To limit the potential for errors and fraud, the panel recommend that recipients confirm the number of packages received match the number of unique identifiers included in the aggregated data file.  They also recommend that recipients scan a statistically relevant random sample of unique identifiers in shipments and confirm that they match those in the aggregated data file.  And, of course, the anti-tamper device should always be inspected to confirm its integrity at the point of dispense.  Sellers should pack shipments so it is difficult to extract individual packages.

Manufacturers should be aware that, to construct the data files containing accurate lists of unique identifiers they will need to capture aggregation data at the point of case packing.  Otherwise, when shipments are assembled at their warehouse or 3PL, they will need to open every case and scan each barcode so they can build the lists placed into those data files.  So the main thing the temporary solution addresses is the formatting of data.  The future standardized solution will also provide a specific data exchange mechanism that will likely pass through the EU Hub and on to the destination NMVS.  Until then buyers and sellers must agree on how and where that data will be transmitted.

While it might take quite a few years to accomplish, standardization of the formatting and exchange of aggregation data in the EU will likely end up being more formalized than it is, or will be, in the United States.  Currently aggregation data supplied by drug manufacturers to the Big-3 US wholesale distributors must be supplied in the form of GS1 Electronic Product Code Information Services (EPCIS) Aggregation events, as dictated by those wholesalers (see “DSCSA Serialization: What Wholesalers Expect”).  Like the temporary solution in the EU, each buyer and seller must agree on a suitable way to exchange those files, with most choosing AS2 using the same connection used to exchange Electronic Data Interchange (EDI) files.

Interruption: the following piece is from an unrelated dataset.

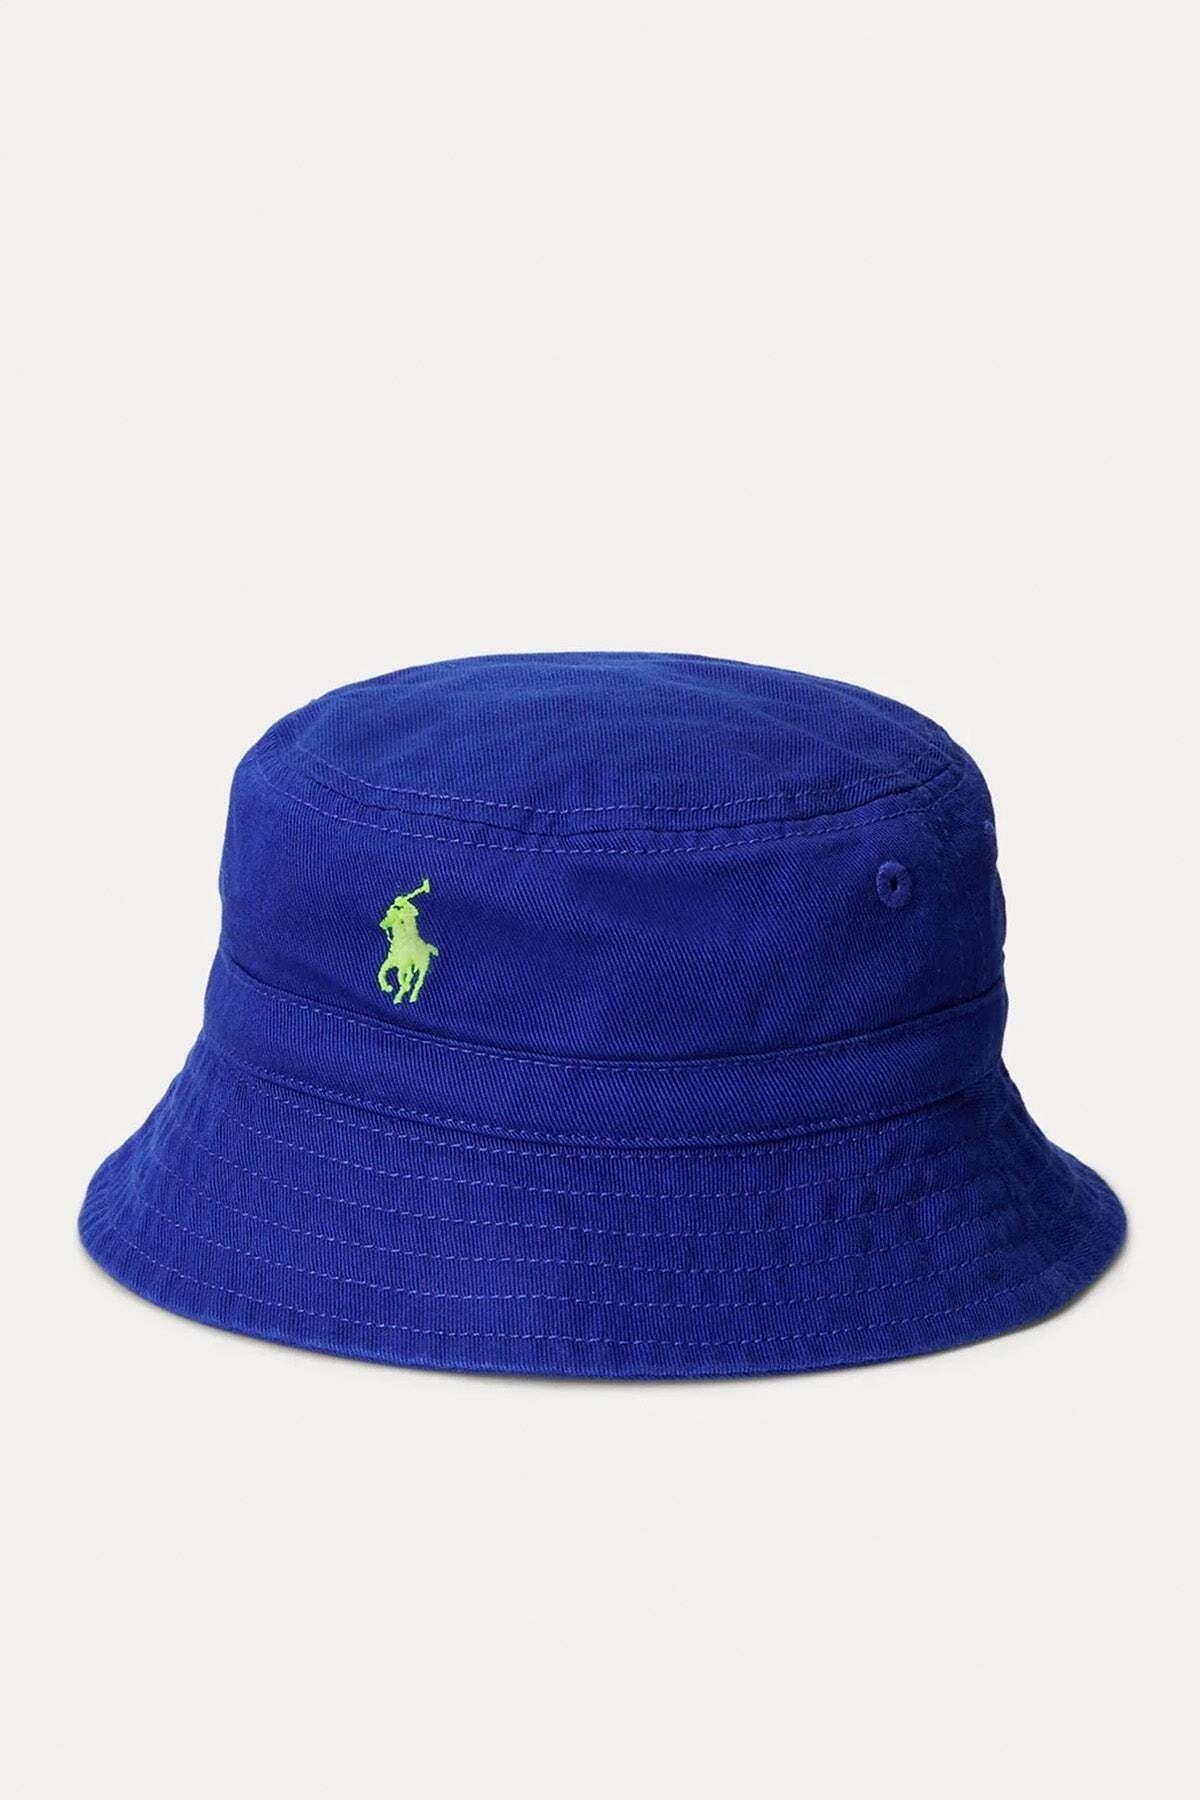 Ralph Lauren 2-4 Yaş Unisex Çocuk Bucket Şapka

It is good news that the EC recognizes the need for aggregation and has a short-term and a long-term plan, for hospitals anyway.  I’m not sure why this paper wouldn’t be aimed at any large buyer of pharmaceuticals, like chain and mail-order pharmacies and exporters, and I don’t see any EUDR-based reason it couldn’t be followed by those organizations as well (remember, I’m not a lawyer so make your own regulatory determinations).